Right now I’m pondering this: could I possibly get away with knitting in church?

I knit in pretty much all other public environments; waiting rooms, public transportation, coffee shops. In university I would knit in classes where note-taking was not imperative, and where I didn’t care whether the prof would be giving me the stink-eye.

I already knit during one religious gathering, the weekly small group/bible study. Usually I sit beside a group member who forgot her bible, and have her hold mine for both of us while I add a few inches to the sleeve of a sweater.

I knit during the sermony-portions of the annual winter camp retreat, where the associate pastor (the one assigned to the hinterland sojourn, the senior pastor doesn’t make it out these days) gives his missive. But that was at the retreat, a relaxed environment, where we’re all sleep deprived, groggier still from eating too many pancakes. The casualness of the situation is emphasized sartorially, in our denim, sweatshirts, and slippers.

In both of those situations I feel perfectly justified in knitting. I’m the type of person who listens better when her hands are busy, when she’s doodling or otherwise digitally engaged. Having something to do with my hands frees my mind to focus on aural stimuli, in the form of sermons. Not that I’m much of an aural listener to begin with, but it helps. Now, it’s not that I always feel beholden to actually listen to sermons — I don’t beat myself up if my attention lapses or my mind wanders. I’ve long since given up on feeling guilty for those sorts of offenses.

But I can’t help but stop short pulling out the needles during the sermon. I feel like that might be crossing some line. Sure, knitting would be more constructive than, say, playing solitaire on my PDA. Still, I worry about distracting my pewmates. There’s probably more than one of them who would be thinking, “What the heck is she doing? Knitting in church? That’s so… wrong! She shouldn’t be allowed to do that! Why isn’t she paying attention to the sermon!” and so forth. And believe me, I’m loathe to cause anyone to stumble, or force attention away from the adorable animated graphics on the PowerPoint.

Most people would probably take it as a disrespectful action. I wonder if it might actually be. After all, if I went to a more interesting church, I probably wouldn’t feel the desire to knit. For some reason I still want to behave respecfully in a church. I may have rejected a lot of the stuff I grew up with in terms of religion, but I still think strapless dresses for church weddings are tacky. The clickety-clack of the needles probably would be, too.

So like I said, maybe I’m at the wrong church. Actually, I’m pretty sure I’m at the “wrong” church, but I don’t have the energy to go find another one, especially since it’s pretty unlikely I’d find one where knitting during the sermon was de rigeur.

The Church of Craft is vaguely/blatantly sacreligious/offensive to evangelical sensibilities; I know it was to mine, once upon a time. But these days, I feel like craft is my true religion. I keep trying to get Christianity to fit, but craft always has fit, with no effort, no aggravating seam allowances and pinpricks.

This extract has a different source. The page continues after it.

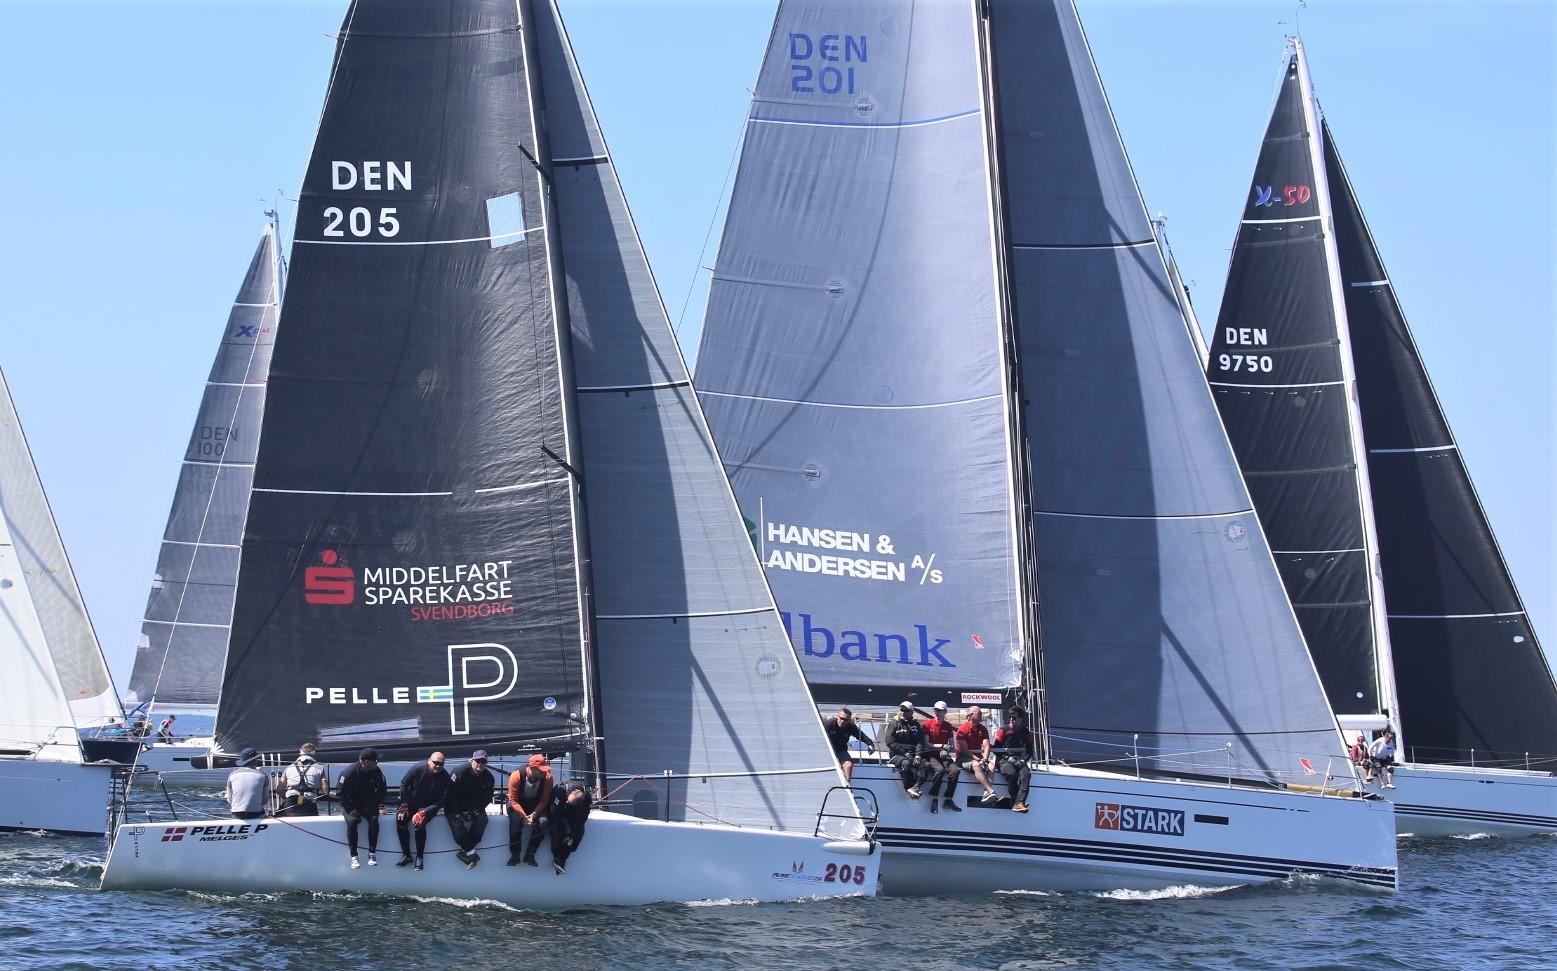 Melges 32eren vandt starten og kæmper her med Stony, en Xp44 fra Næstved. Foto: Minbaad.dk/Kristian B. Møller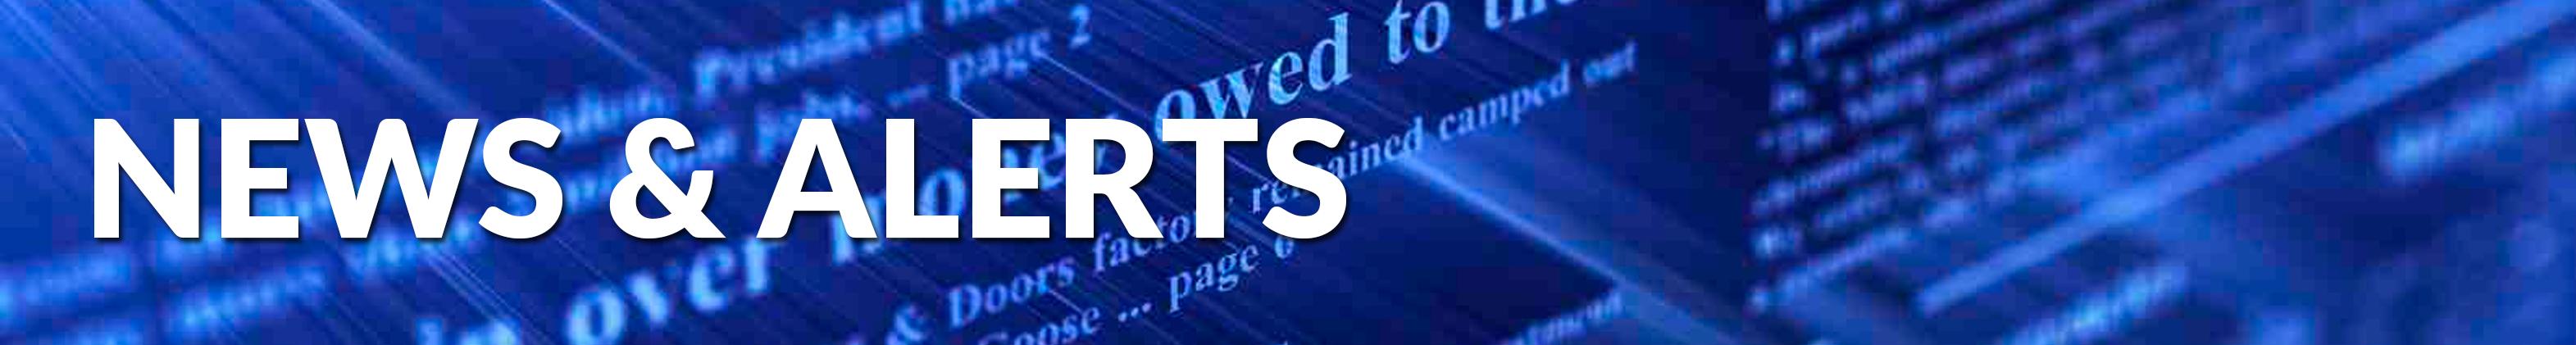 newsalerts_header

I’m downright evangelical about craft in a way I never have been about Christianity. Knitting is such a transformative, challenging, engaging experience that I try to pull everyone I can into the fold. At the winter retreat last weekend, I was filled with joy when I looked around the group sitting in front of the fireplace and saw three people — two women, one man — intent on their knitting, all three taught in the ways of yarn by me. I felt a measure of pride, of course, but it was mostly just happiness that they’d discovered an activity which is so beneficial. Beneficial for the mind and beneficial for personal well-being, in that one can create useful thermal items for winter wear. The quintessential beginner’s knitting project is a simple garter-stitch scarf, an item which, even when knit of the most pedestrian and inexpensive acrylic yarn is quite useful in a climate such as ours.

My own church of craft (well, we call it Stitch & Bitch, actually) meets irregularly on weeknights in living rooms or a deserted coffee shop. I spend time with women who are infinitely caring, accepting, and encouraging. Not all of them knit, but craft in all its expressions is related, so it doesn’t really matter.

Knitting is easy at first. Garter-stitch scarves are a snap, as are hats and mittens, once you learn the purl stitch and get the knack of double-pointed needles. Then you try to set a sleeve on your first sweater or knit a swatch of lace and things get ugly. But you keep going. Well, I do.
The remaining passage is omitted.